Dimitrios Makrakis: Thank you for having me. It's a great pleasure to be here. We were looking at the recent evidence on cytoreductive nephrectomy in targeted therapy for metastatic renal cell carcinoma. Then we realized that we are not sure there's enough data and information on the role of CN in patients that are treated with immune checkpoint inhibitors. We decided to do this meta-analysis that uses individual patient data, we're going to talk about this, to gather the evidence and see where we stand currently on the information we have for this.
Daniel George: Okay, great. Just to put this in context, a few years ago we had the CARMENA data that showed that, hey, you know what, now in the setting of really effective targeted therapy, maybe there isn't necessarily a need and role for cytoreductive nephrectomy. Tell us a little bit about your methodology and what you found here.

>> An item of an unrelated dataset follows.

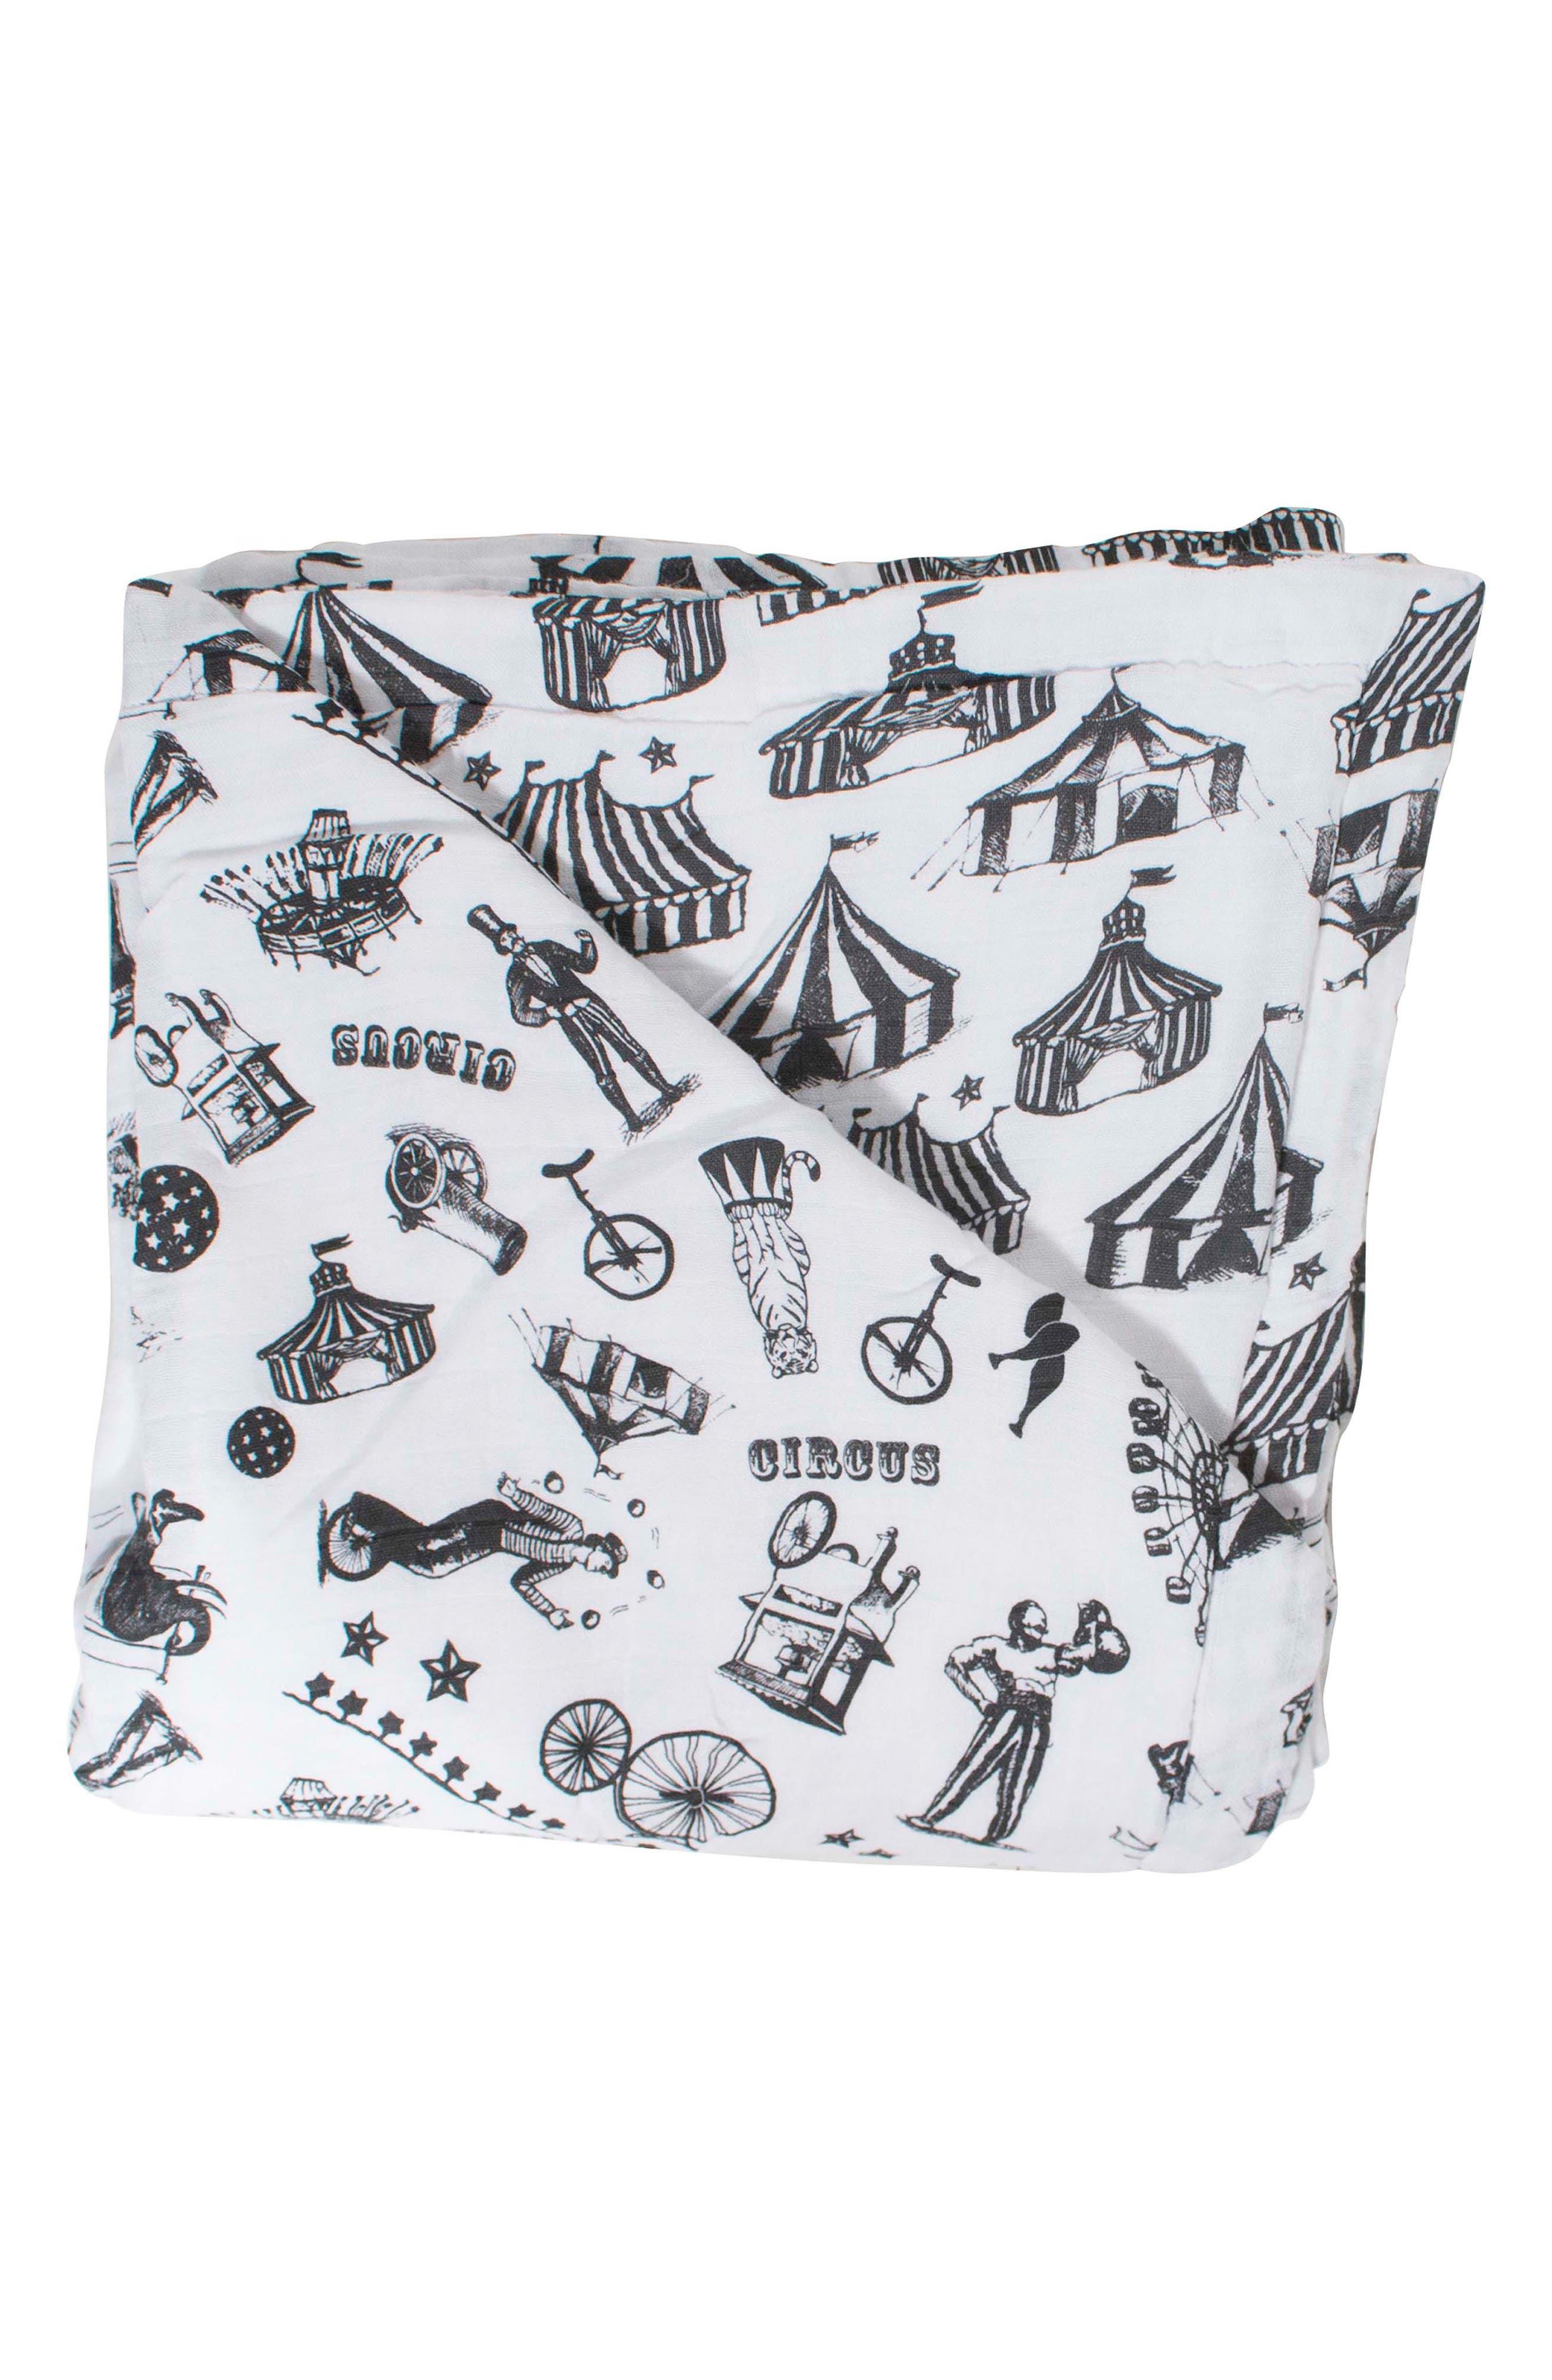 Oh So Soft Snuggle Blanket,                             Main thumbnail 1, color,                             CIRCUS/ HIGH TOPS

Dimitrios Makrakis: We conducted a meta-analysis after a systematic review, of course, in the classical sense. We took the individual patient data approach. So far, most meta-analyses that come out, they use what we call aggregate patient data (APD). The idea is that in aggregate patient data, you have abstract numbers. You have metrics, such as medians, means, you have hazard ratios, but you don't have access to the data at the individual patient level. Now, the IPD offers a much more granular approach to that and has some very good advantages. Some of them are, you have access to the full dataset, you can reconstruct all the different datasets into a common pool.
Daniel George: Mm-hmm.
Dimitrios Makrakis: You can run your own analysis on those. You can validate the analysis of the authors. You can also look at the groups and identify possible biases and errors that APD meta-analyses may not pick up. This was the rationale. There are some experts right now in statistics that actually have said that we should move away from the APD and move towards the IPD. Now that we're submitting more and more complete datasets with our papers and journals, this is becoming easier. I think it's a very good time to do this.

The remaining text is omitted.